[EXERCISE]
The output is the lines below from the one with "Pecquet Tesson et Cie" through the one with "Leaf Playmat", both included, printed exactly and with no other line.

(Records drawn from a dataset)
+ + + + +
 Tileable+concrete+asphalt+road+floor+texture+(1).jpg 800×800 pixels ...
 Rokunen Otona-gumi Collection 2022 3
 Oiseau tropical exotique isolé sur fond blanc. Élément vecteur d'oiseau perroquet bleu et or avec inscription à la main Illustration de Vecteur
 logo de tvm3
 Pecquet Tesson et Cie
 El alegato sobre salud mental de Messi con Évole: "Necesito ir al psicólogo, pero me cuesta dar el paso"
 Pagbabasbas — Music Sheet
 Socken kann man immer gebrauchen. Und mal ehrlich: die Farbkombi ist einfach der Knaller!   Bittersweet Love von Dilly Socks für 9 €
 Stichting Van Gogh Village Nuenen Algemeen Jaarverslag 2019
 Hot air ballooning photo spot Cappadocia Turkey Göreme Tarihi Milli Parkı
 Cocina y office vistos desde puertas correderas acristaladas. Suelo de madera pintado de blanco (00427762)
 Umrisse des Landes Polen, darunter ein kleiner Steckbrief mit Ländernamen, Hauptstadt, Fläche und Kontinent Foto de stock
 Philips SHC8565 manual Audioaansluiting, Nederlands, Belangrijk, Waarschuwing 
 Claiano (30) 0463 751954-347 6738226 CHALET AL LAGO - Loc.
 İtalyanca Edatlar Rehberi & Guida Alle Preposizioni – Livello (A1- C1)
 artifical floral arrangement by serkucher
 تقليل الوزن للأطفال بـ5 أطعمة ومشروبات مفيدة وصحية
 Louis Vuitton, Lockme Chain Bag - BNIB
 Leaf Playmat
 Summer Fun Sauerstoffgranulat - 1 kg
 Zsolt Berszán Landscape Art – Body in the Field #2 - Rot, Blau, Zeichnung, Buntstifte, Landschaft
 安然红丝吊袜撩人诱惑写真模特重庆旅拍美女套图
+ + + + +
[ANSWER FOR THIS EXERCISE]
 Pecquet Tesson et Cie
 El alegato sobre salud mental de Messi con Évole: "Necesito ir al psicólogo, pero me cuesta dar el paso"
 Pagbabasbas — Music Sheet
 Socken kann man immer gebrauchen. Und mal ehrlich: die Farbkombi ist einfach der Knaller!   Bittersweet Love von Dilly Socks für 9 €
 Stichting Van Gogh Village Nuenen Algemeen Jaarverslag 2019
 Hot air ballooning photo spot Cappadocia Turkey Göreme Tarihi Milli Parkı
 Cocina y office vistos desde puertas correderas acristaladas. Suelo de madera pintado de blanco (00427762)
 Umrisse des Landes Polen, darunter ein kleiner Steckbrief mit Ländernamen, Hauptstadt, Fläche und Kontinent Foto de stock
 Philips SHC8565 manual Audioaansluiting, Nederlands, Belangrijk, Waarschuwing 
 Claiano (30) 0463 751954-347 6738226 CHALET AL LAGO - Loc.
 İtalyanca Edatlar Rehberi & Guida Alle Preposizioni – Livello (A1- C1)
 artifical floral arrangement by serkucher
 تقليل الوزن للأطفال بـ5 أطعمة ومشروبات مفيدة وصحية
 Louis Vuitton, Lockme Chain Bag - BNIB
 Leaf Playmat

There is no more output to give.